Studying “the relationship between vesting equity and repurchases, and vesting and M&A announcements, between 2006 and 2015,” the researchers found that

a one-standard-deviation increase in vesting equity is associated with a 1.2% increase in a firm’s likelihood of conducting a share repurchase in a given quarter, compared to the unconditional repurchase probability of 37.5%. This translates into $6.16m annualised, compared to the finding in Edmans et al. (2017a) of an annualised fall in investment of $1.8m. While economically meaningful, this magnitude is also plausible: a too-large, myopic repurchase may have prompted the board to step in and block it. We find similar results for M&A. A one-standard deviation increase in vesting equity is associated with a 0.6% increase in a firm’s likelihood of announcing an M&A in a given quarter, compared with the unconditional probability of 15.8%.

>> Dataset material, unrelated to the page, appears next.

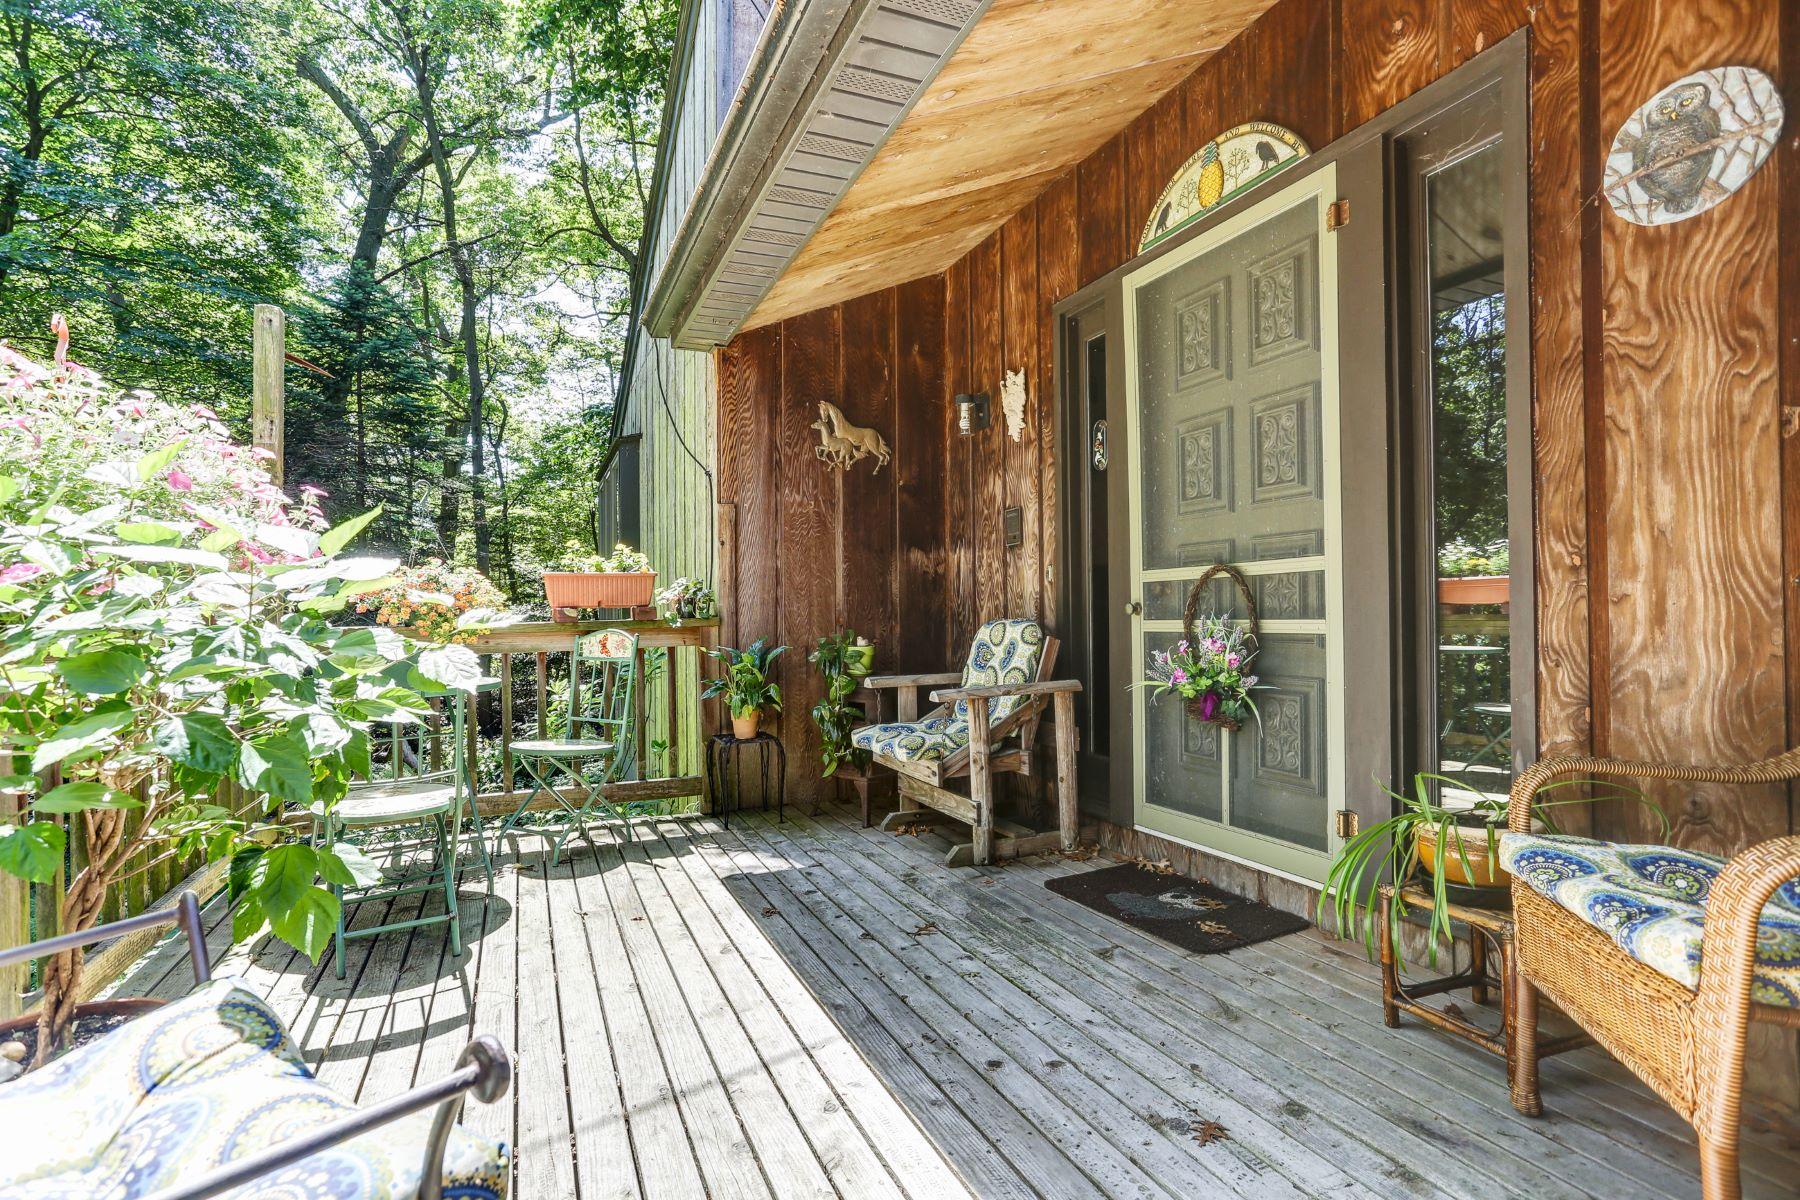 Property 为 销售 在 大西洋高地, 新泽西州 07716 美国
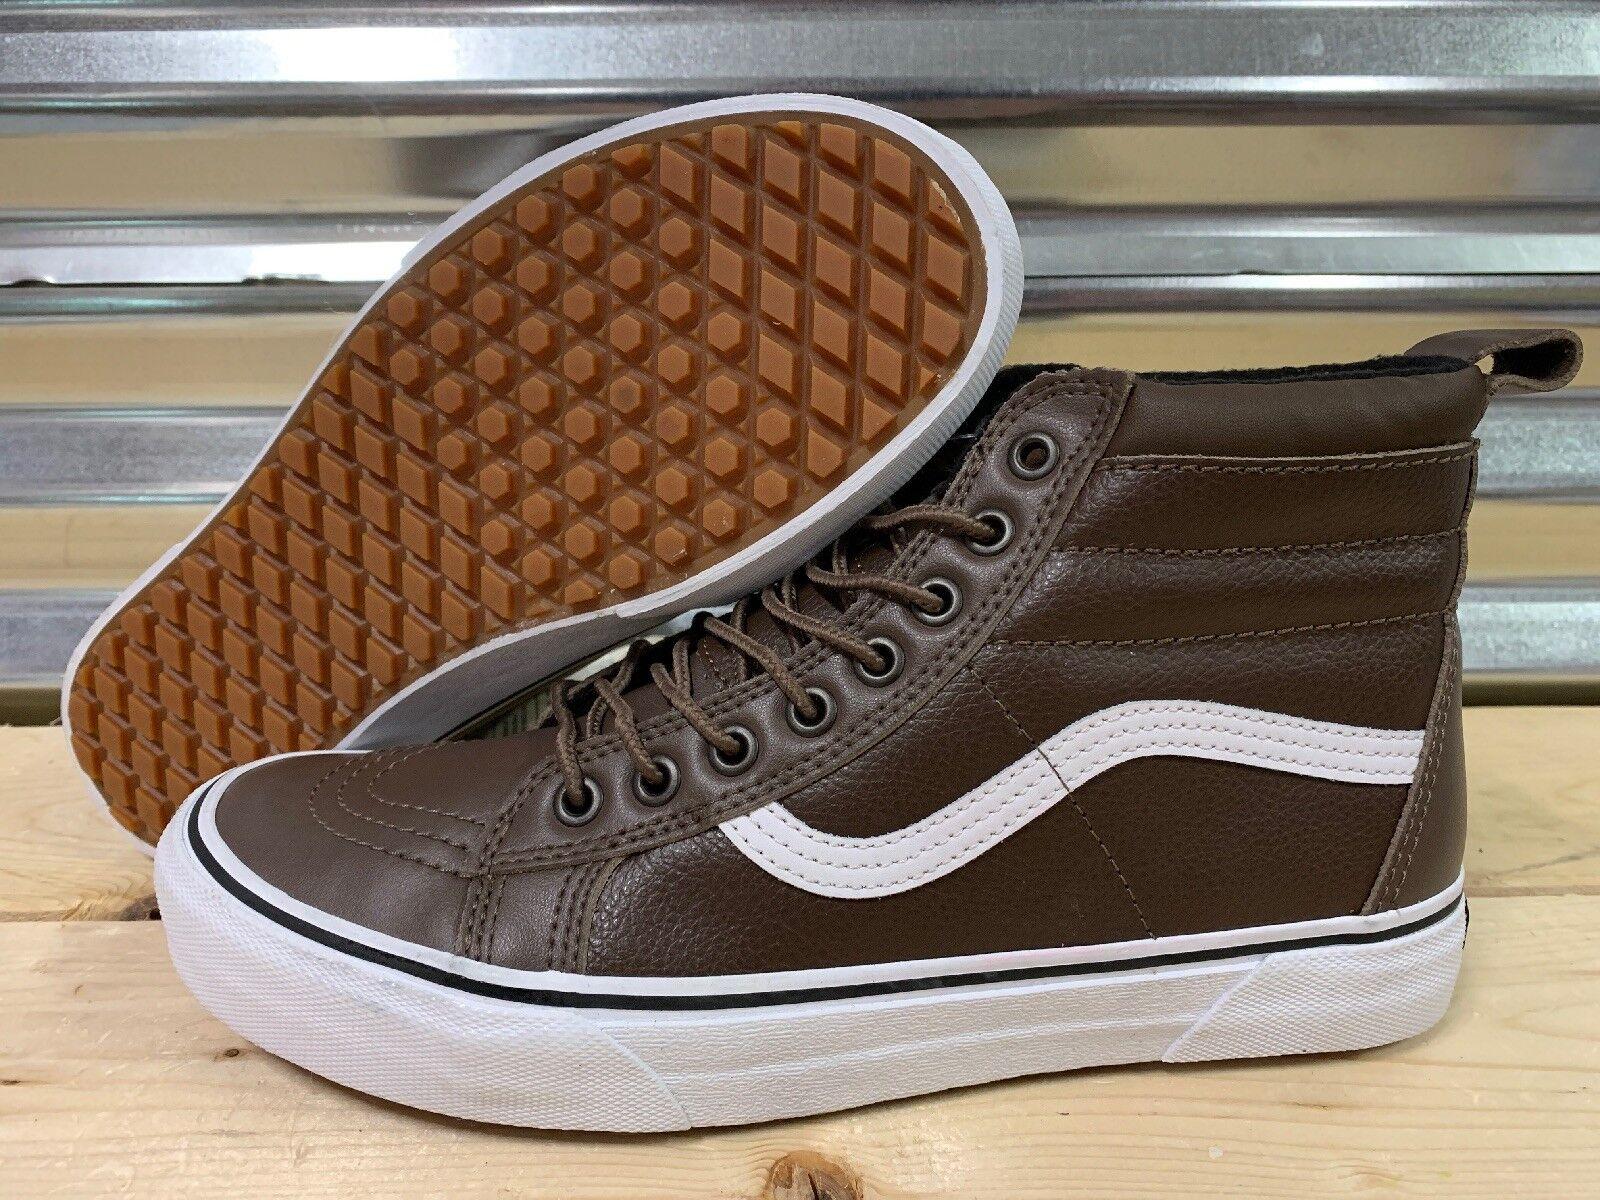 Forro Cálido Vans Sk8 Hi MTE sb zapatos lluvia Drum Marrón Cuero (VN0A33TXUQC)

…A one-standard-deviation increase in vesting equity is associated with an annualised 0.61% higher return over the two quarters surrounding a repurchase, but a 1.11% (0.75%) lower return during the first (second) year after the repurchase. For M&A, the negative association with long-run returns persists for longer. A one-standard-deviation increase in vesting equity is associated with an annualised 1.47% higher return over the two quarters surrounding an M&A announcement, but a 0.81%, 0.35% (insignificant), 0.72%, and 0.62% lower return in the first, second, and third, and fourth subsequent years.

They conclude,

The results are consistent with Graham et al. (2005), who used a survey to find that 78% of executives would sacrifice long-term value to meet earnings targets. We studied a CEO’s actual behaviour and found that short-term incentives indeed have negative long-term consequences. The current debate on CEO pay typically focuses on how big it is. As a consequence, in the UK and US, there will soon be disclosure of pay ratios. Our results suggest that the horizon of CEO incentives is a more important dimension to reform.